Write every line of the material again exactly, with no pictures in the copy.

-- Data excerpt --
((

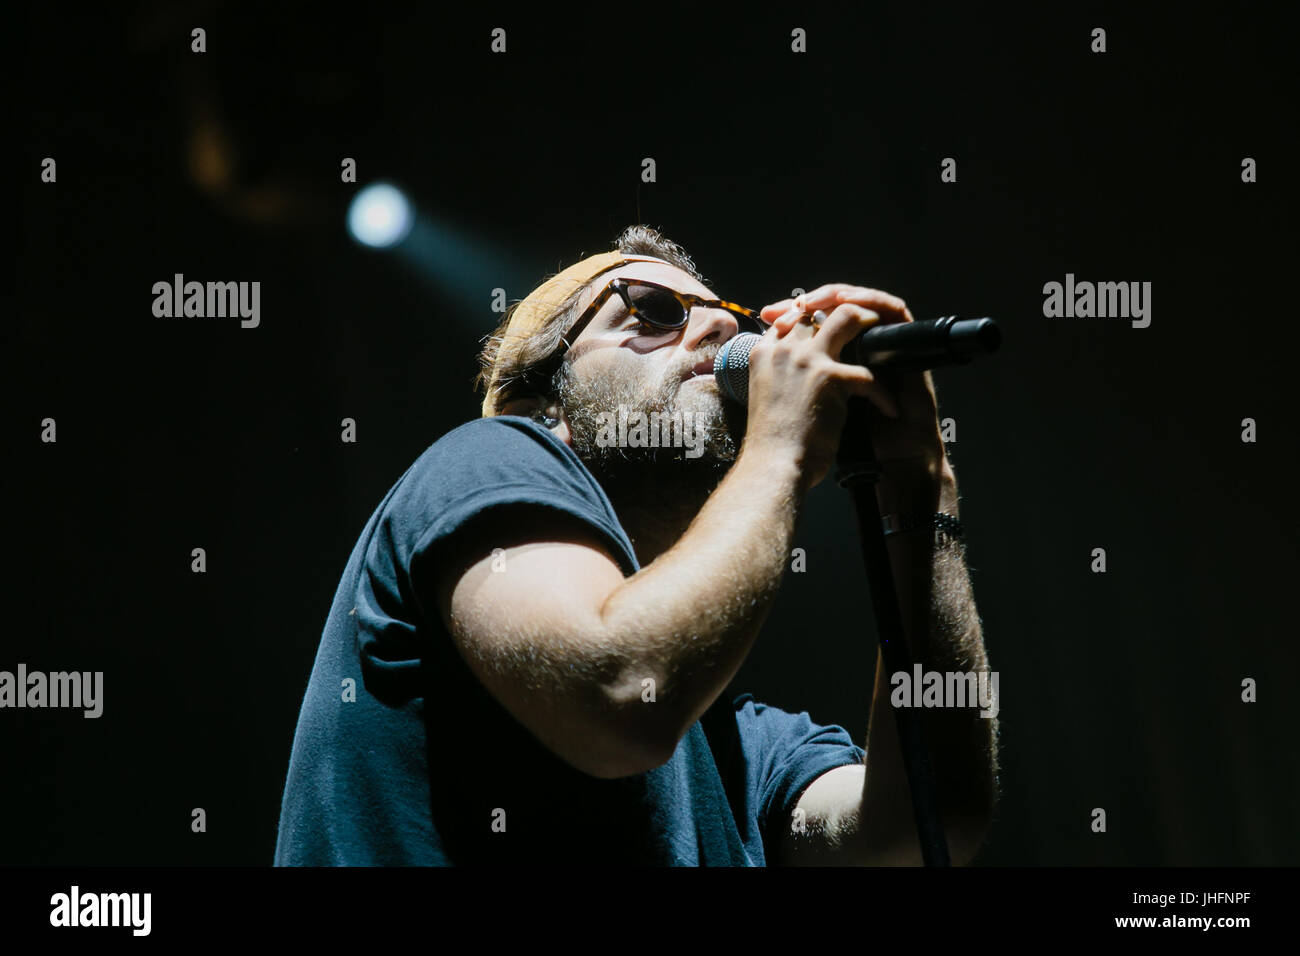 Turin, Italy. 12th July, 2017. The Italian pop band Thegiornalisti performs live in Turin during the Flowers festival. Credit: Daniele Baldi/Pacific Press/Alamy Live News Stock Photo
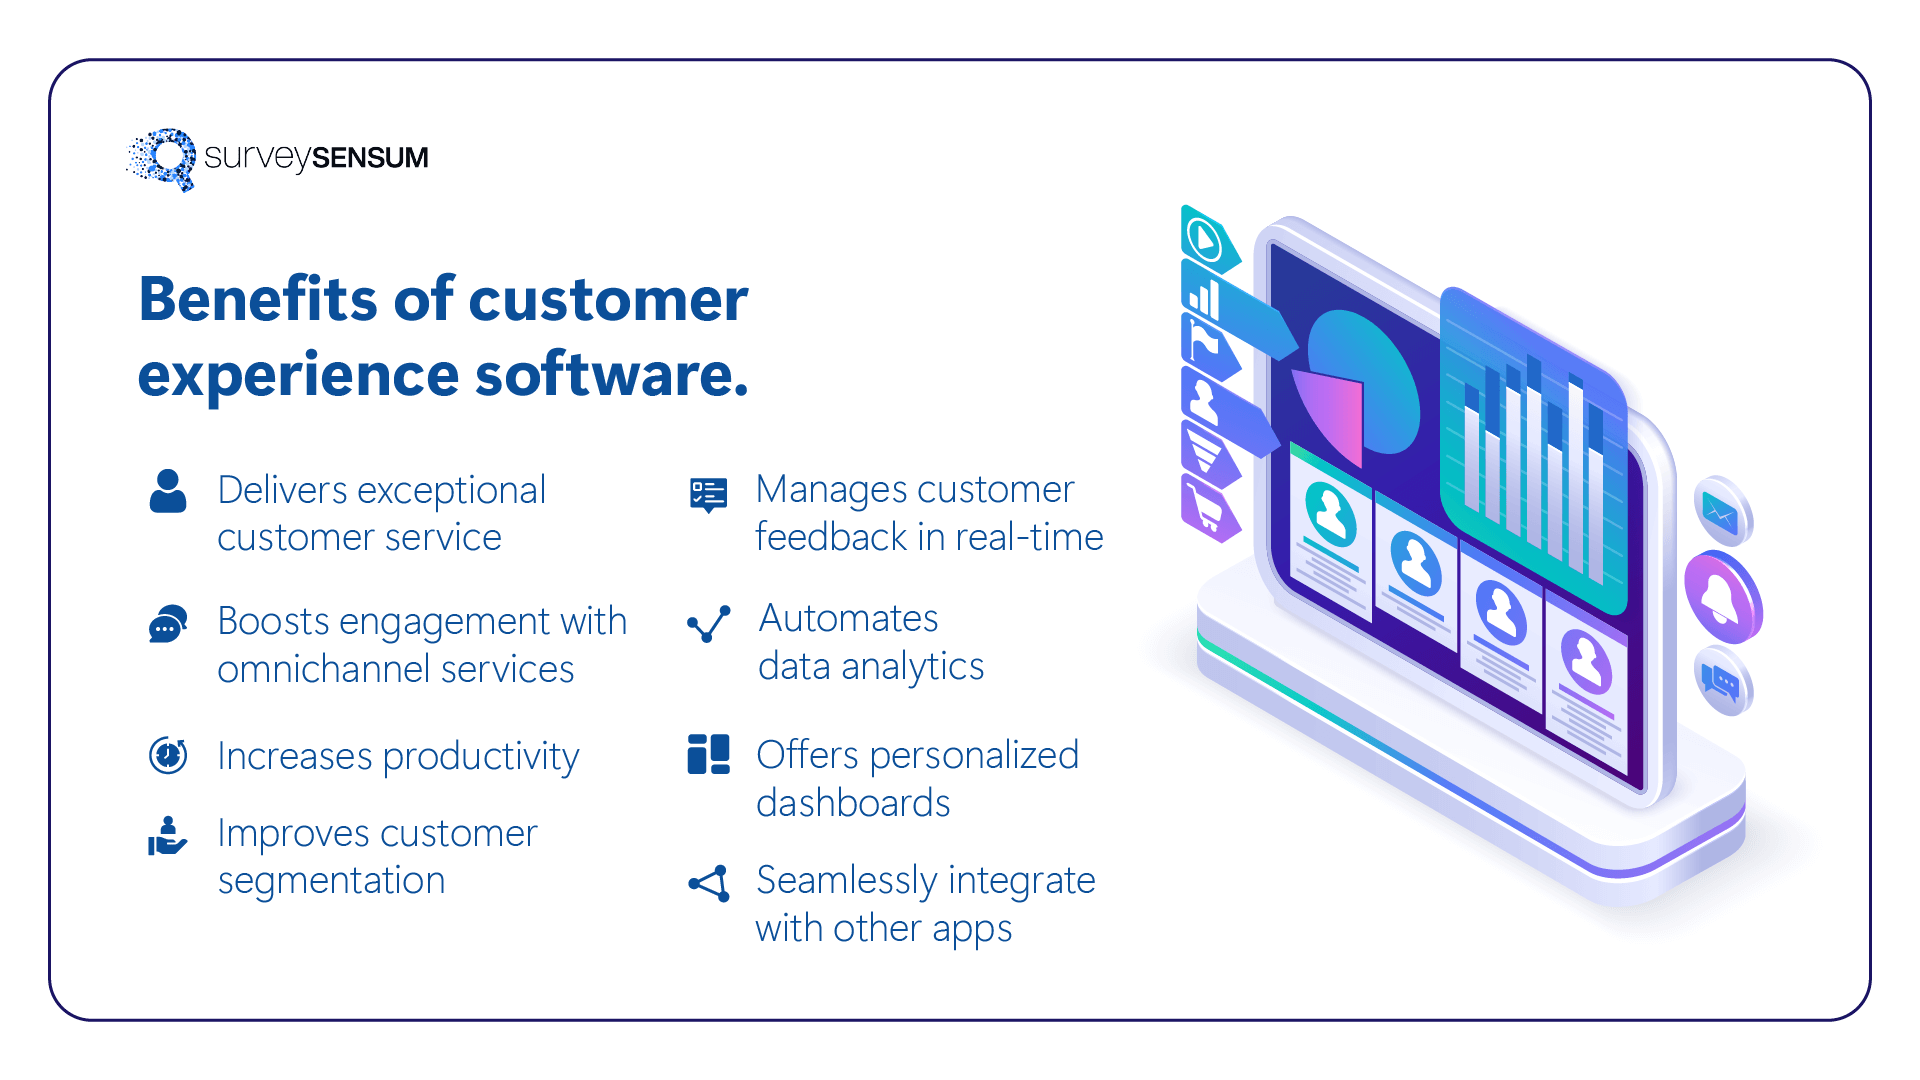 Benefits of Customer Experience Software
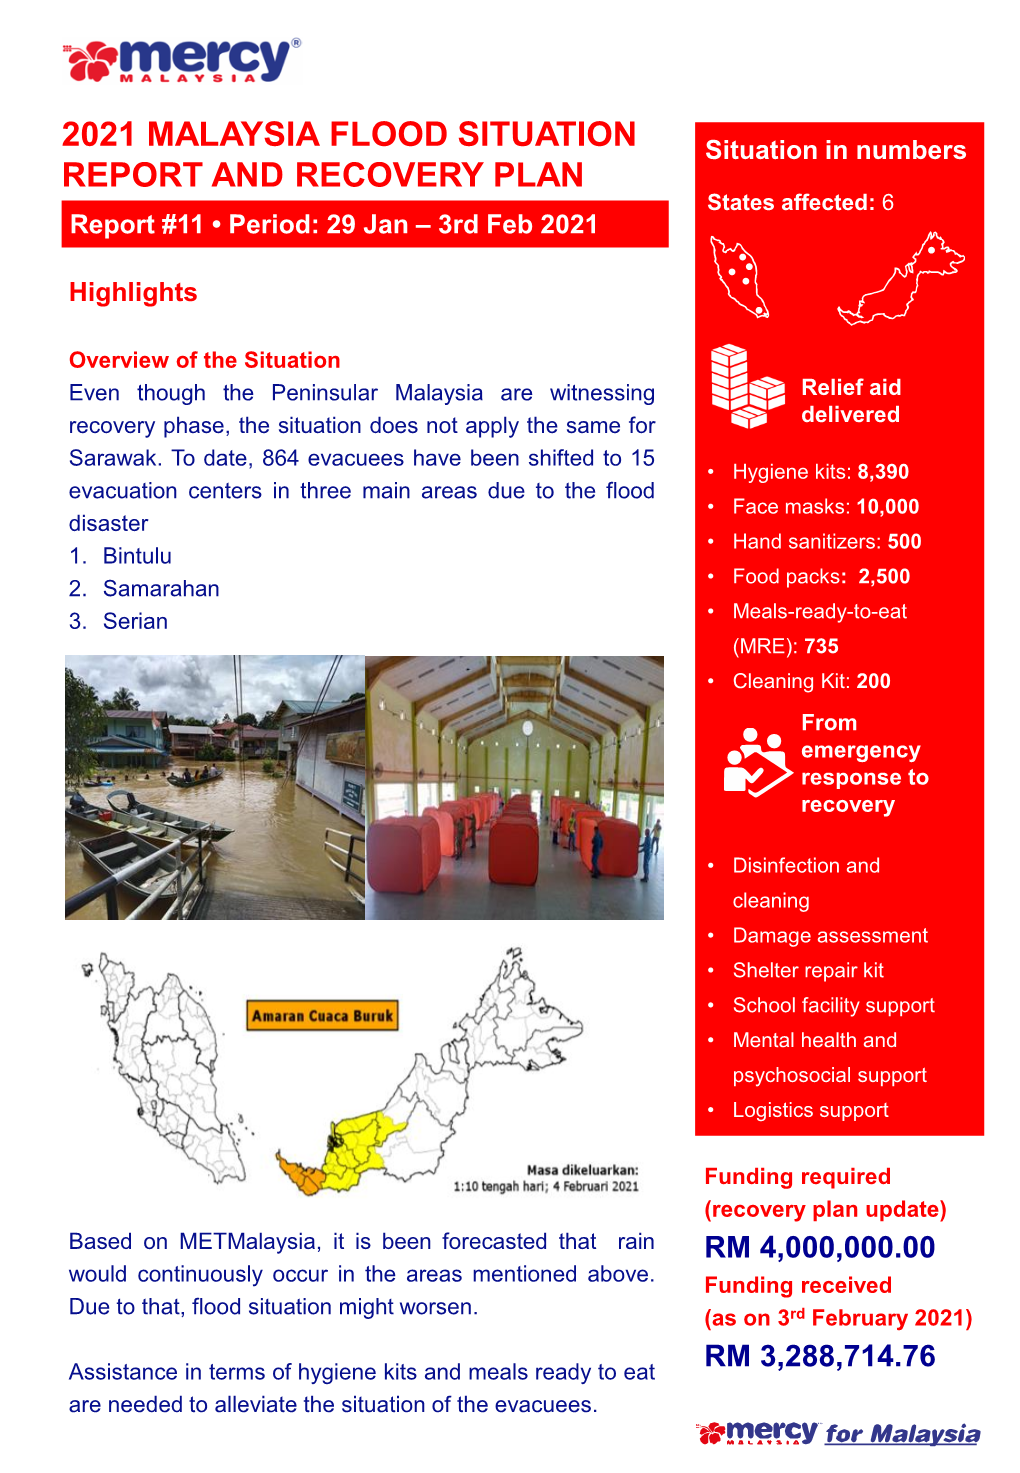 2021 Malaysia Flood Situation Report and Recovery Plan
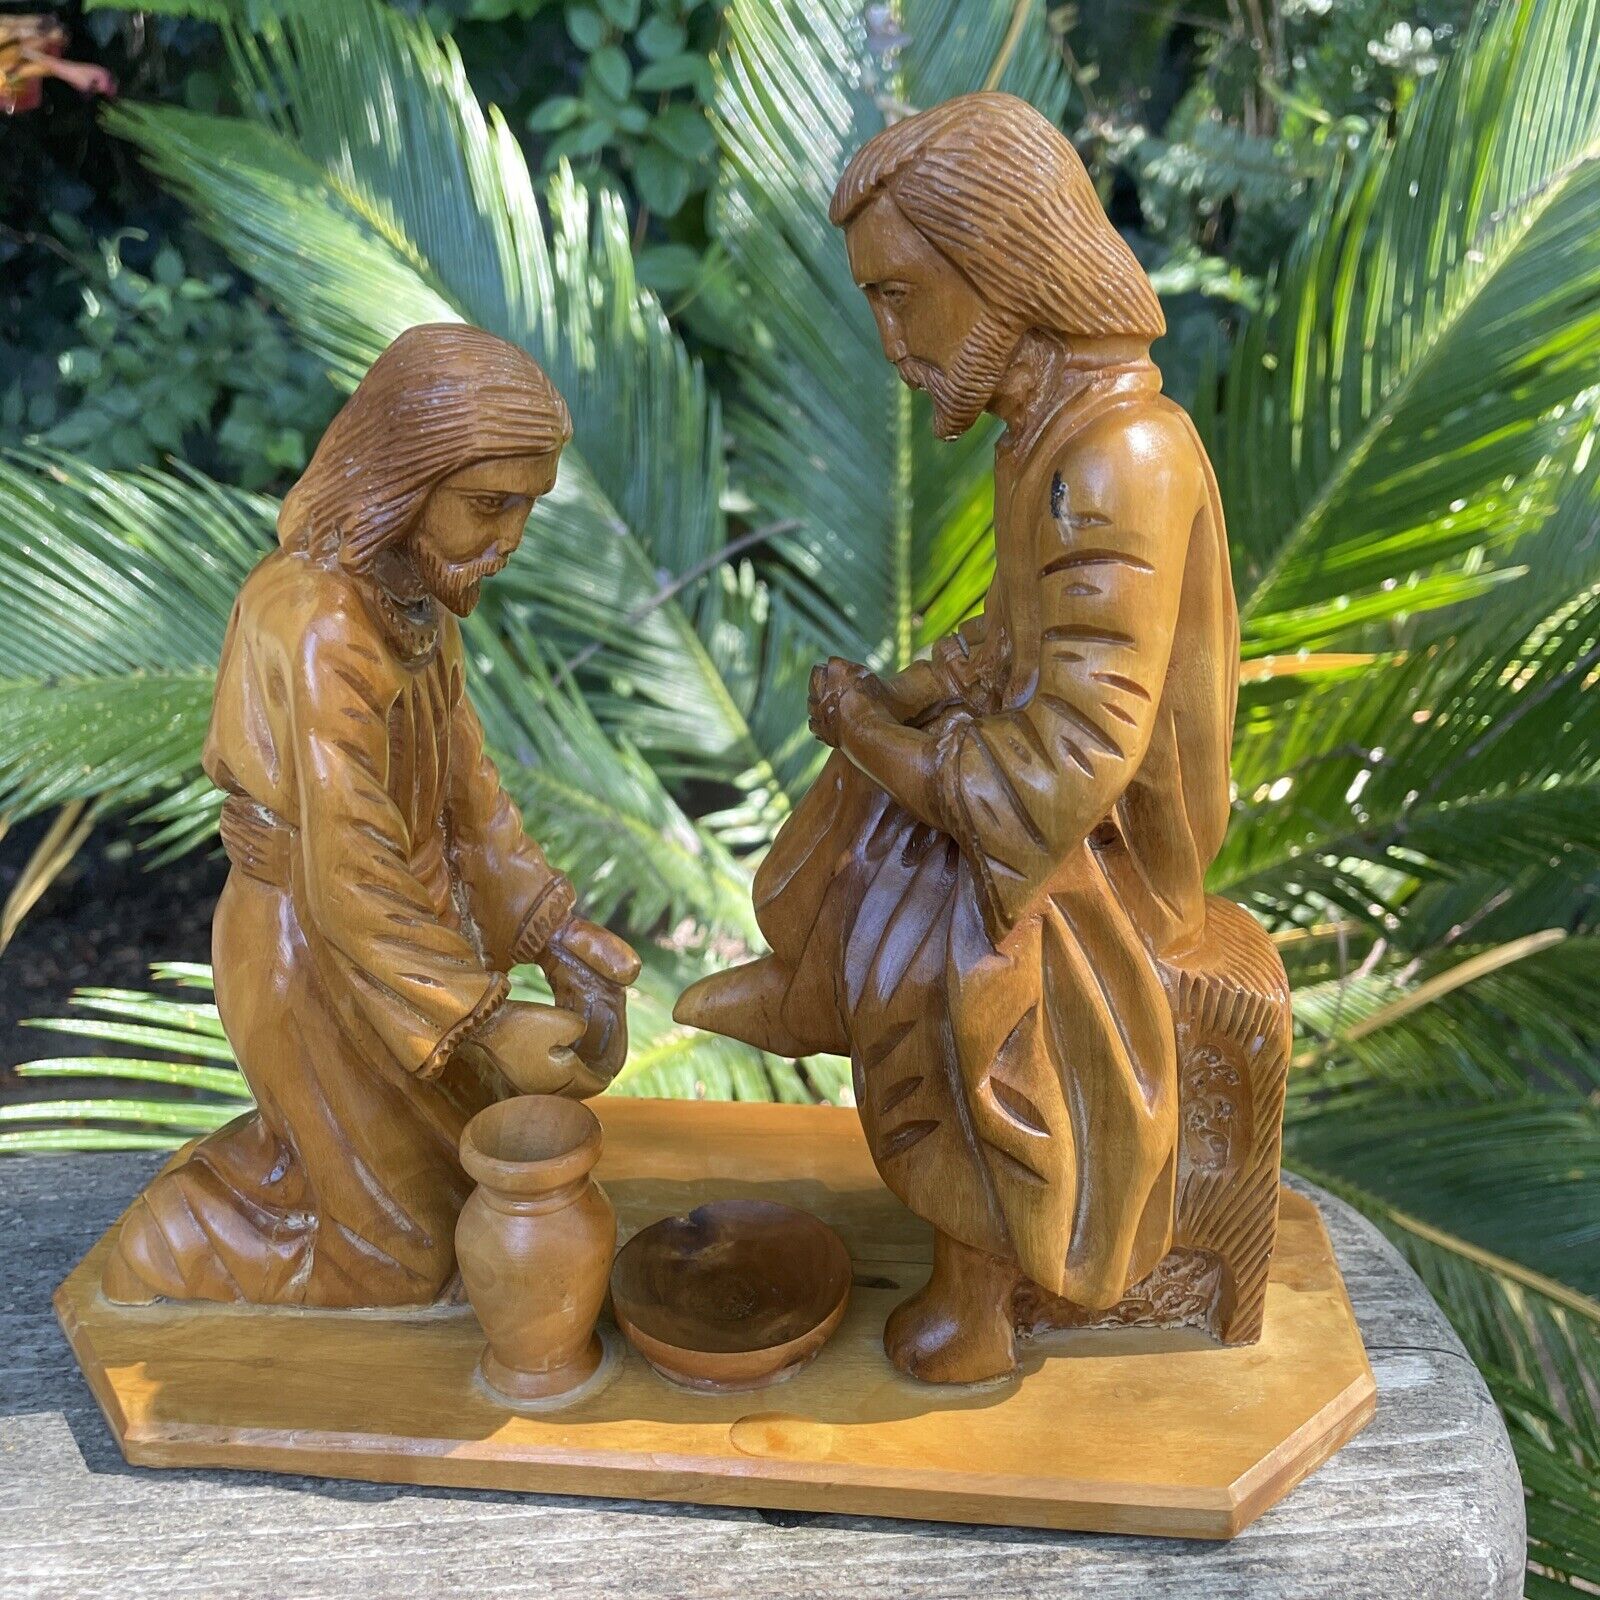 Vintage Olive Wood Hand Carved Jesus Washing Feet From Holy Land 7.5”x7.5” Nice

))

-- Response to the exercise --
 Turin, Italy. 12th July, 2017. The Italian pop band Thegiornalisti performs live in Turin during the Flowers festival. Credit: Daniele Baldi/Pacific Press/Alamy Live News Stock Photo
 Benefits of Customer Experience Software
 2021 Malaysia Flood Situation Report and Recovery Plan
 Vintage Olive Wood Hand Carved Jesus Washing Feet From Holy Land 7.5”x7.5” Nice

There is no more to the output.